A second later, her phone buzzed with a text.
Meet me at 6:30 at the Naked Oyster on Main Street.
She frowned. I think you have the wrong person, she typed.
I don’t. Be on time. Obviously, I’ll pay.
Gathering her nerve, she typed, Can I ask why you want to see me?
No answer. No three dots, either. God didn’t have to answer a lowly resident.
It was quarter to six now. Wellfleet, where she lived, was forty-five minutes away, so going home to change wasn’t an option. Today, she wore the typical, sensible-professional garb of a hospital resident—a knee-length black skirt, white oxford and Naturalizer flats Addie described as “shoes that would make a nun weep with boredom.” But Addie didn’t have to spend twelve hours a day or more on her feet. Hospital policy had her wear her hair up, keep her earrings small and cover the one tattoo she had. In other words, she looked like she was about to knock on someone’s door to talk about the Church of Jesus Christ of Latter-day Saints.
She’d never been to the Naked Oyster before. She googled it, saw it was very swanky. And expensive, so she was glad Dr.Santini had already cleared up who was paying. Her stomach growled, reminding her that the last food she’d had was an energy bar at five forty-five this morning. The Naked Oyster it was.

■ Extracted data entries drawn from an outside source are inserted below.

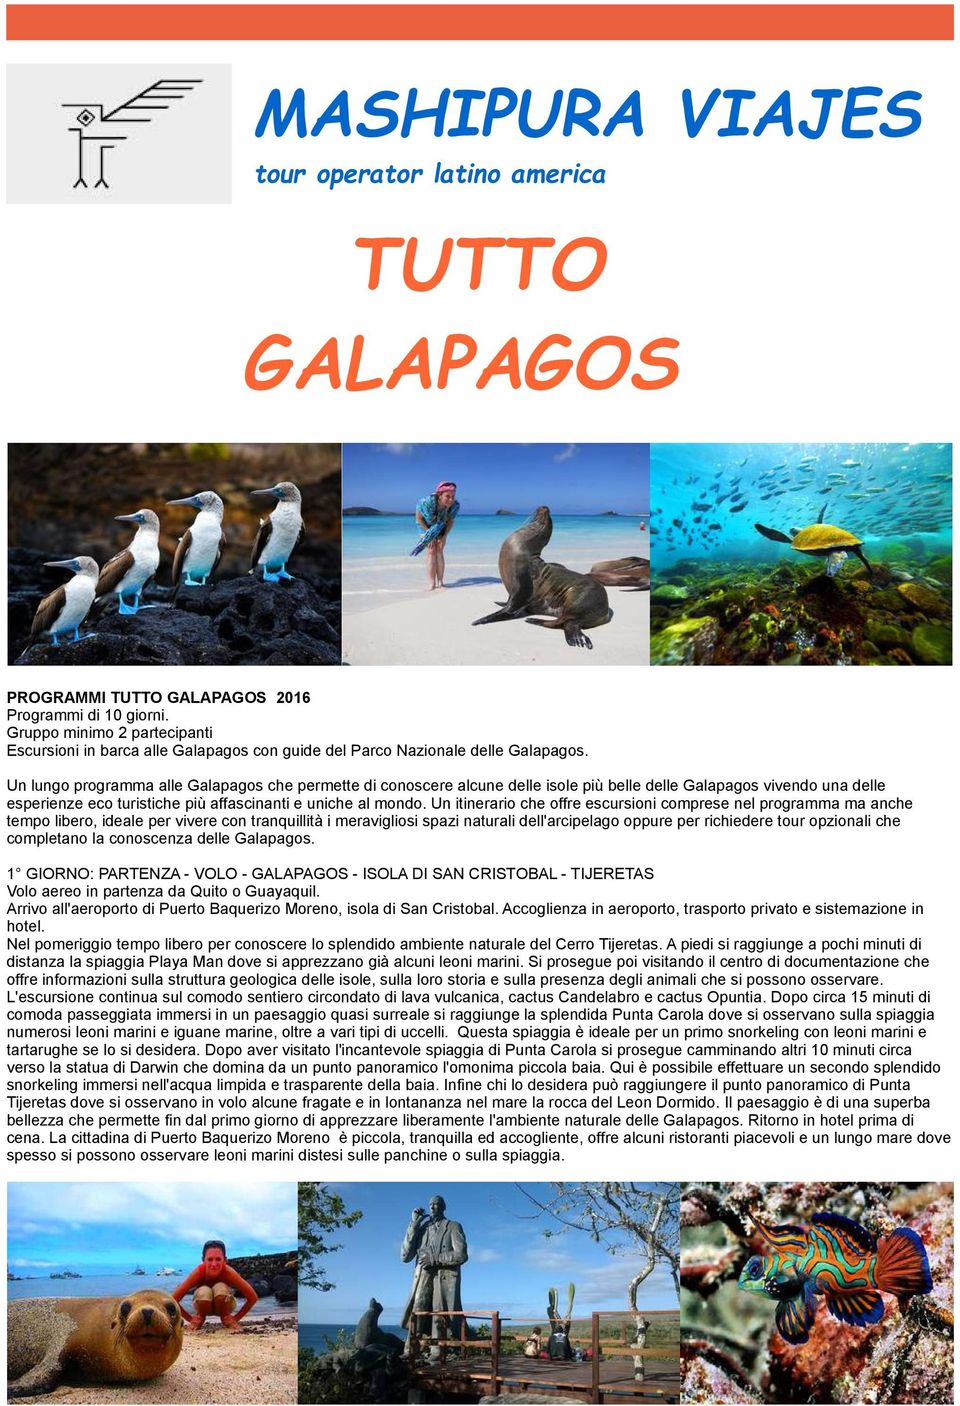 Un lungo programma alle Galapagos che permette di conoscere alcune delle isole più belle delle Galapagos vivendo una delle esperienze eco turistiche più affascinanti e uniche al mondo.
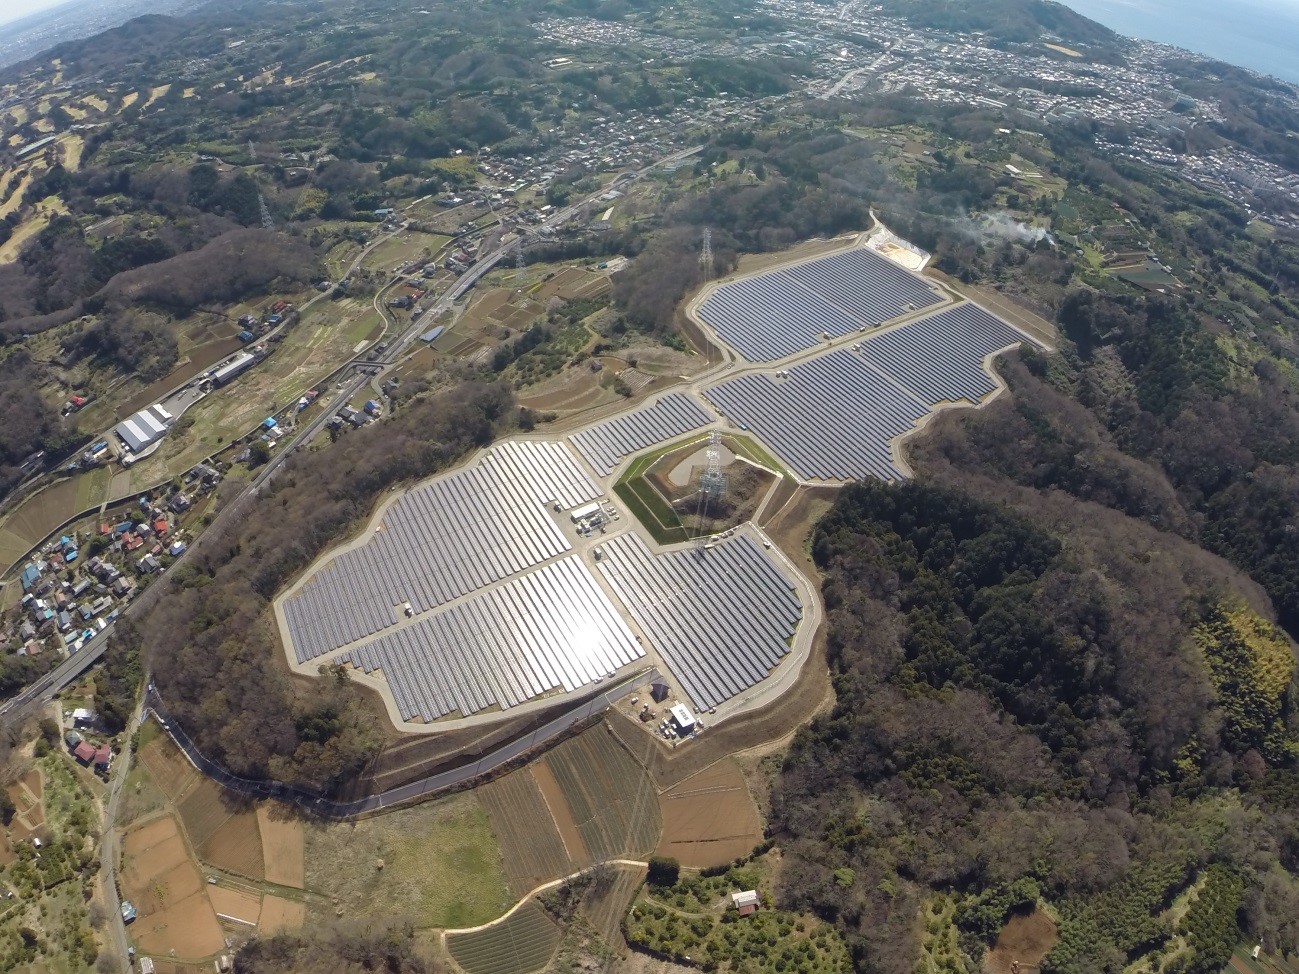 神奈川県の誘致による最大 10メガワット のメガソーラー ｓｇｅｔ中井メガソーラー 発電所 が4月27日 月 に完成 稼動開始 神奈川県住宅供給公社のプレスリリース
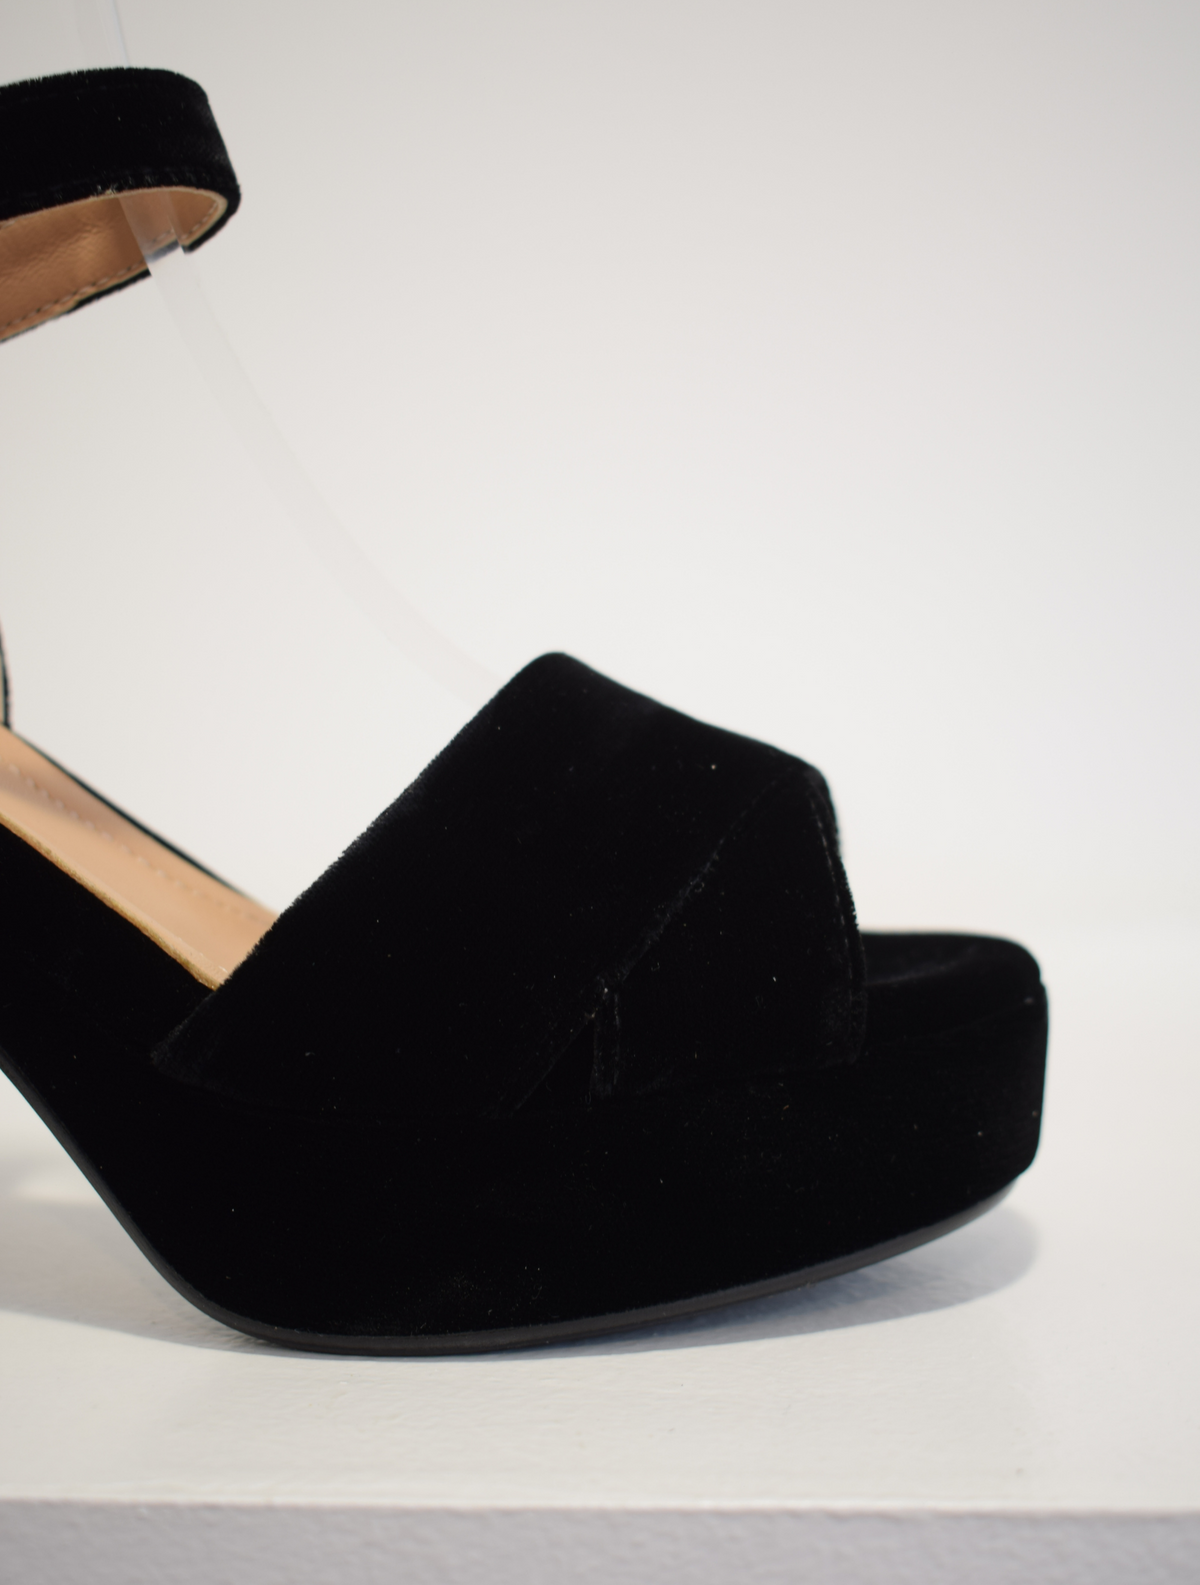 Black velvet platform sandal

Lark drove carefully. The aging Honda hybrid she’d had since college had 267,493 miles on it, and didn’t take well to potholes or sudden stops. She should buy a new car, but she loved it. It had been through a lot with her. She did need to get new wipers, though, because the windshield smeared with rain. Perfect weather for a nap and a long, hard think. She wished she was home right now, or at least headed home, so she could get into her cozy bed, maybe snag Connery, the Cairn terrier she and her landlady shared.
When she arrived she saw the restaurant was a tiny place right next to the London Brewing Company, a place she had been with her hospital friends. She found a parking place two blocks away, checked the car floor for an umbrella (nope), and then grabbed her purse and ran through the rain.
“Whoo! Rainy out there,” she said to the maître d’, who smiled. “It’s been such a wet spring.”